The Court notes that the relevant paragraphs of the proposed Amended Counterclaim explicitly refer to a conversation that occurred on or about May 6, 2003 (notably before the seal order was entered), and thus support Judicial Watch's claim as to the provenance of the allegations contained therein. Id. For his part, Klayman admits that he "voluntarily revealed the accusations" during a conversation "well prior to any discussion of his possible resignation."

Pl.'s Opp'n at 6. As it thus appears uncontested that Judicial Watch's allegations may be based on the conversation rather than Klayman's sealed divorce record, the Court cannot conclude that Judicial Watch has acted in a manner worthy of civil contempt.

Klayman also maintains that sanctions are appropriate because the disclosure of the allegations contained in Paragraphs 10-20 violates the attorney-client privilege as well as various Rules of Professional Conduct applicable to attorneys. Id. at 13-16; Pl.'s Reply at 6-10. Each of these arguments turns on Klayman's assertion that he disclosed the information underlying Paragraphs 10-20 of Judicial Watch's proposed Amended Counterclaim "in confidence, as attorney-client communications, to Orfanedes and to Judicial Watch's outside counsel, David Barmak." Pl.'s Reply at 8. The parties appear to dispute the circumstances of those communications.
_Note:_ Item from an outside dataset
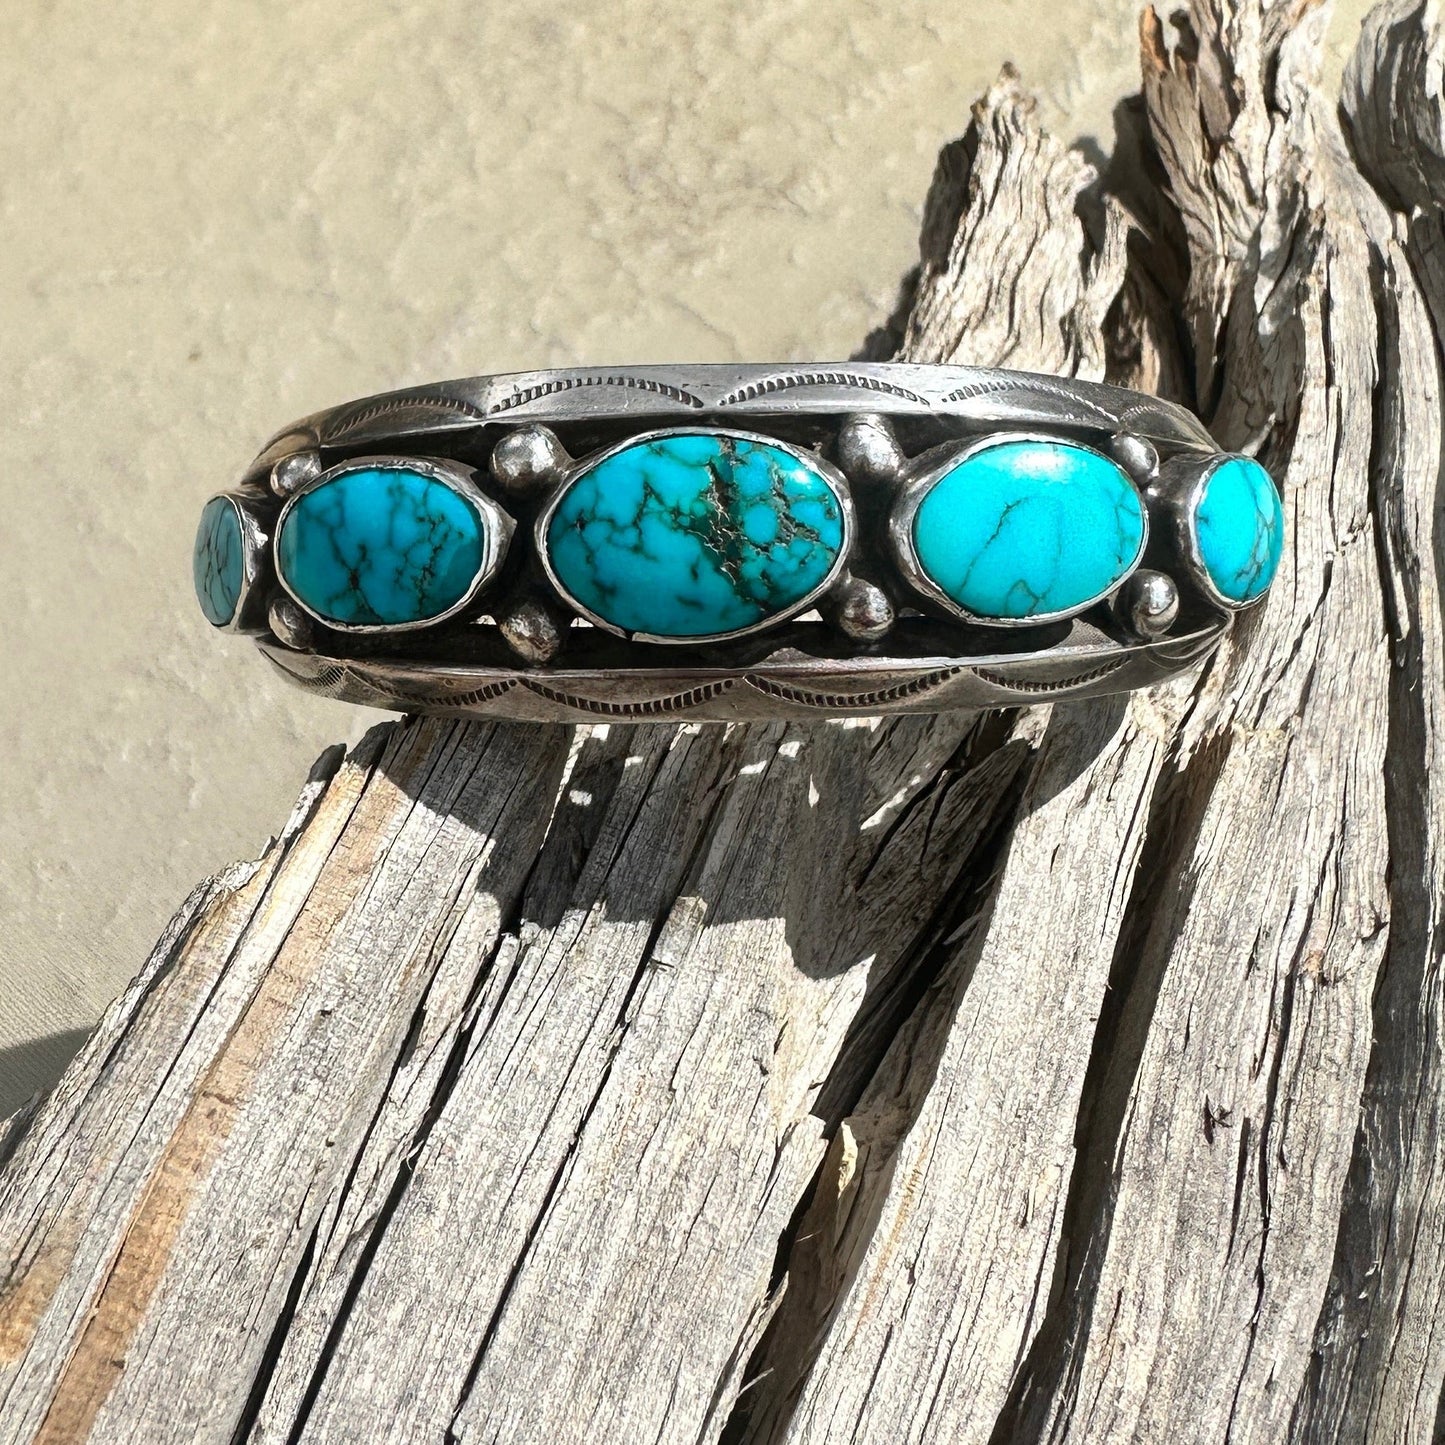 Vintage Classic Navajo Turquoise Row Bracelet - Turquoise & Tufa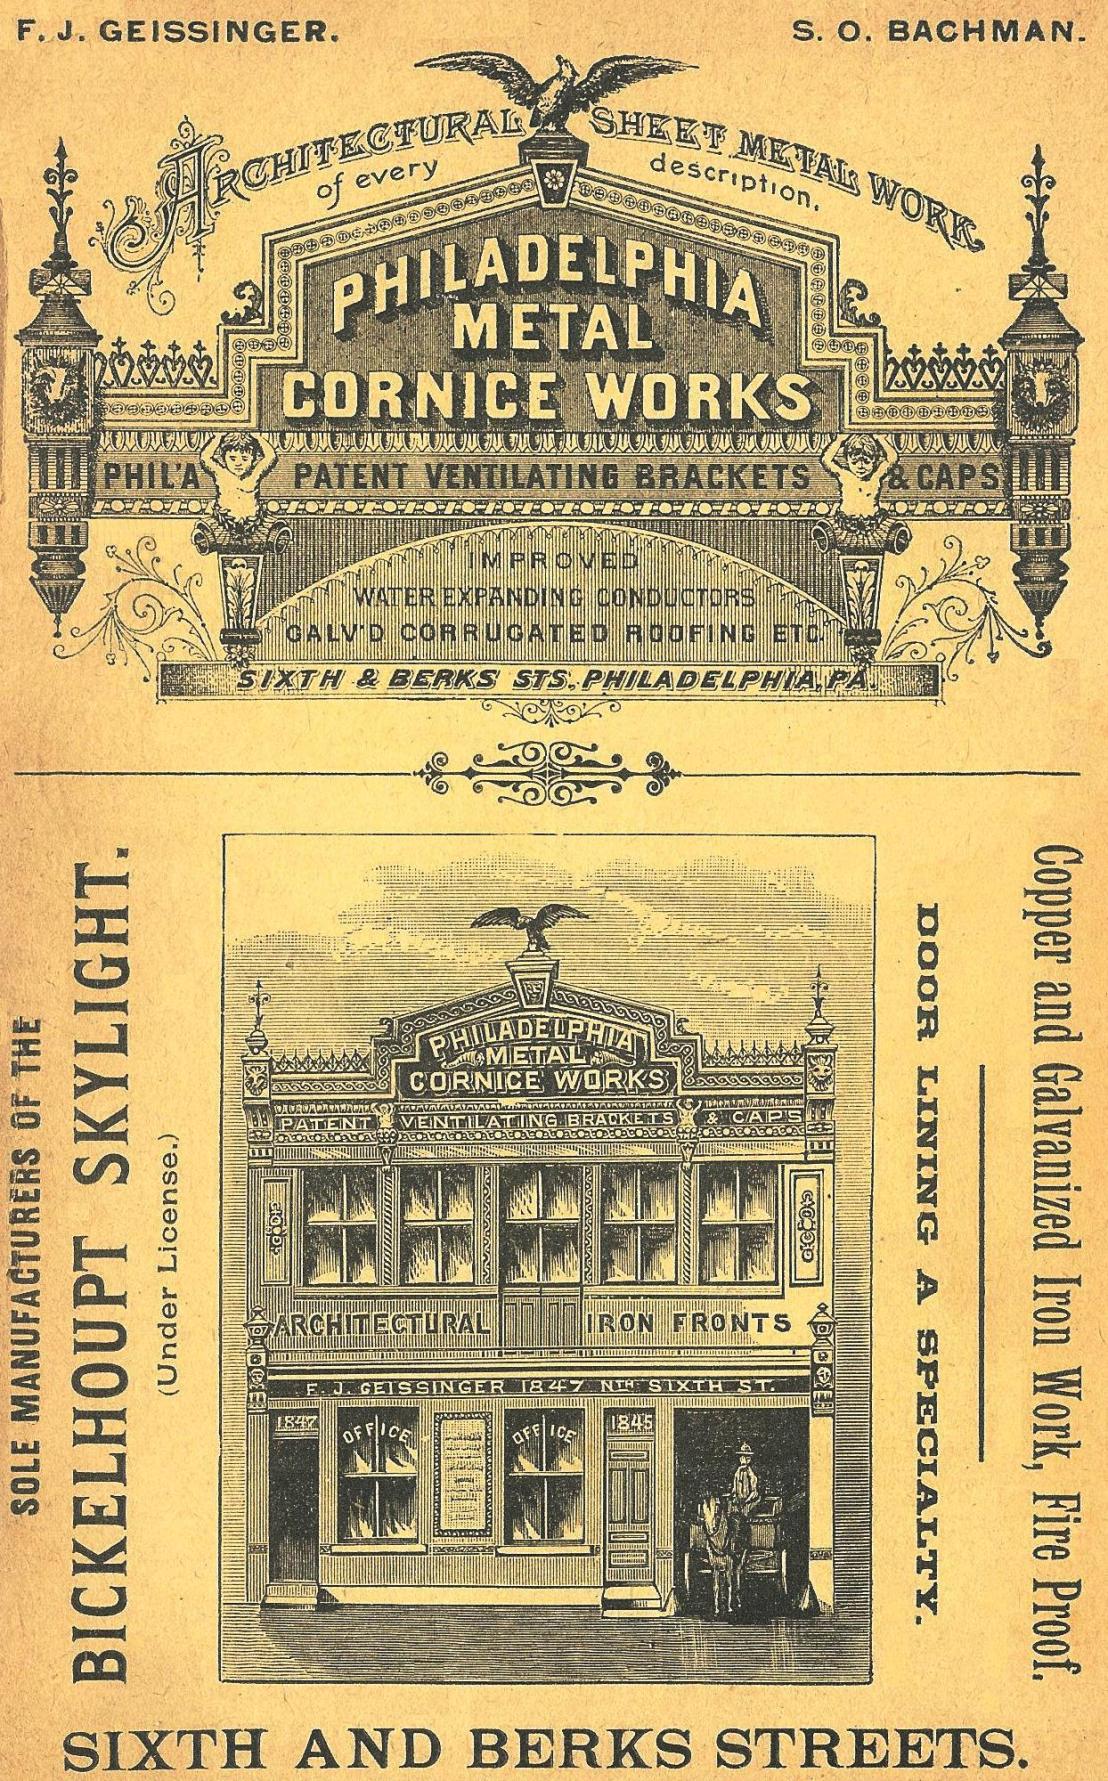 FJ Geissinger, Phila Metal Cornice Works, Bickelhoupt Skylight 1847 6n at Berks 1890 CD.jpg

Specifically, Judicial Watch claims that Klayman confessed "the admissions described in the Amended Counterclaim . . . directly to Fitton and Orfanedes in their capacity as officers and directors of Judicial Watch." JW Reply at 12. Judicial Watch asserts that in the context of the conversations at issue "Orfanedes' role as an attorney, if any, would have been on behalf of his fiduciary, Judicial Watch" and "the purpose of consulting with Barmak was for Judicial Watch to obtain legal advice and assistance." JW Reply at 12. If Judicial Watch is correct that both Orfanedes and Barmak represented Judicial Watch, rather than Klayman individually, during the conversations at issue, then the attorney-client privilege would belong to Judicial Watch and Judicial Watch would have the option of waiving the privilege.

Ultimately Klayman does not clearly explain the basis on which he asserts the attorney-client privilege applies, and this failing is fatal because the party seeking to invoke the attorney-client privilege bears the burden of presenting to the court sufficient facts to establish the privilege. See In re Sealed Case, 737 F.2d 95, 99 (D.C. Cir. 1984). However, even accepting Klayman's version of the facts (to the extent that the Court is able to discern it), it appears that the attorney-client privilege and attorney duty of confidentiality are not applicable. Klayman's argument is that during the conversations in question, Orfanedes and Barmak were jointly representing Klayman, as Chairman of Judicial Watch, along with Judicial Watch itself. Pl.'s Reply at 8. Klayman proffers no evidence to establish that Orfanedes was his personal attorney rather than Judicial Watch's attorney. In contrast, Klayman cites to a letter dated May 8, 2003, in which he and Fitton acknowledged that Barmak had "represented or may be deemed to have represented, Larry Klayman personally." Id., Ex. 3. Nevertheless, even if Orfanedes or Barmak was engaged in a joint representation of Klayman individually and Judicial Watch, Klayman himself admits that "the prevailing rule is that, as between commonly represented clients, the [attorney-client privilege] does not attach." Id. at 9 (citing Comment 15 to D.C. R. of Prof. Cond. 1.7).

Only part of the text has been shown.